Die Autoindustrie, die seit 1985 gezwungen war, sich durch chinesisch-auslän­dische Joint Ventures zu lokalisieren, ist ein gutes Beispiel dafür: Trotz starker ­Lokalisierungsanforderungen waren ausländisches Know-how, neue Technologien und Management für den lokalen ­Erfolg notwendig.

Diesen Trend unterstreicht auch der Markt für die Elektromobilität: Tesla hält trotz der Tatsache, dass China der Entwicklung von Elektroautos seit 2009 ­Priorität eingeräumt hat, 25 Prozent des chinesischen Marktes, den grössten Anteil aller Autohersteller (400 lokale Unternehmen teilen sich die restlichen 75 Prozent).

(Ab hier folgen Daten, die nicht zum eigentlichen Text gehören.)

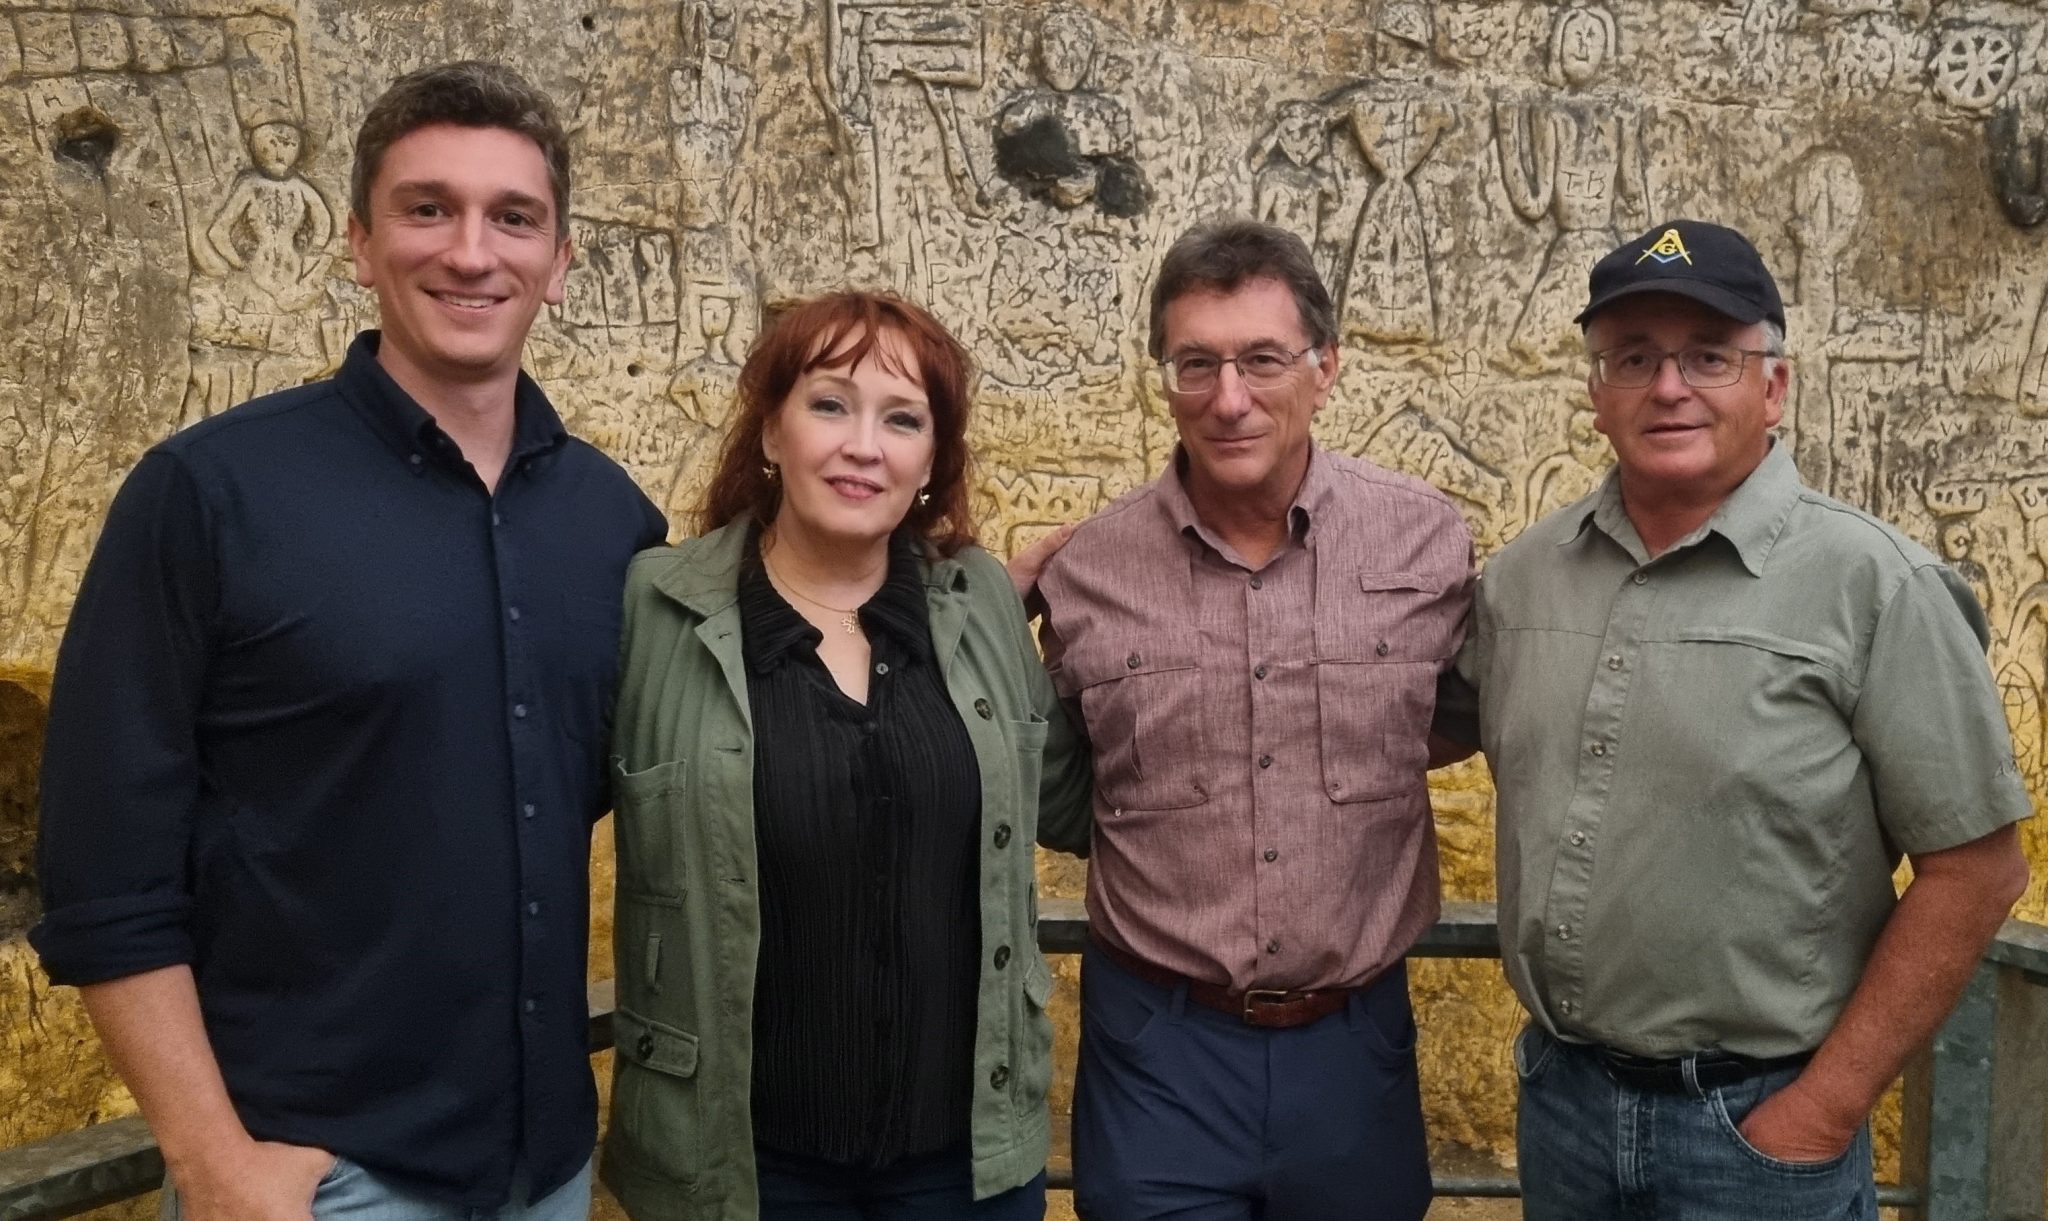 Gretchen Cornwall with "Curse of Oak Island" TV show cast in Royston Cave.

Ausserdem wird die Reduzierung der Technologieimporte bei gleichzeitiger Ausweitung der Exporte Chinas Handelsüberschuss verschärfen und einen sehr starken Druck auf die Aufwertung des Yuan ausüben, was wiederum den Exporteuren Schwierigkeiten bereiten wird.

Infolgedessen fördert China auch den ­Import von Konsumgütern nach China und schafft international mehr Möglichkeiten für diese Branche.

Alles in allem sind grosse Veränderungen im Gange, aber auf dem Markt gibt es ­immer noch viele Möglichkeiten, einige bestehende und einige neue. Das Jahr des Tigers ist traditionell ein schwieriges Jahr, aber internationale Unternehmen können sich dafür entscheiden, die Chancen wahrzunehmen und mit dem Tiger zu brüllen.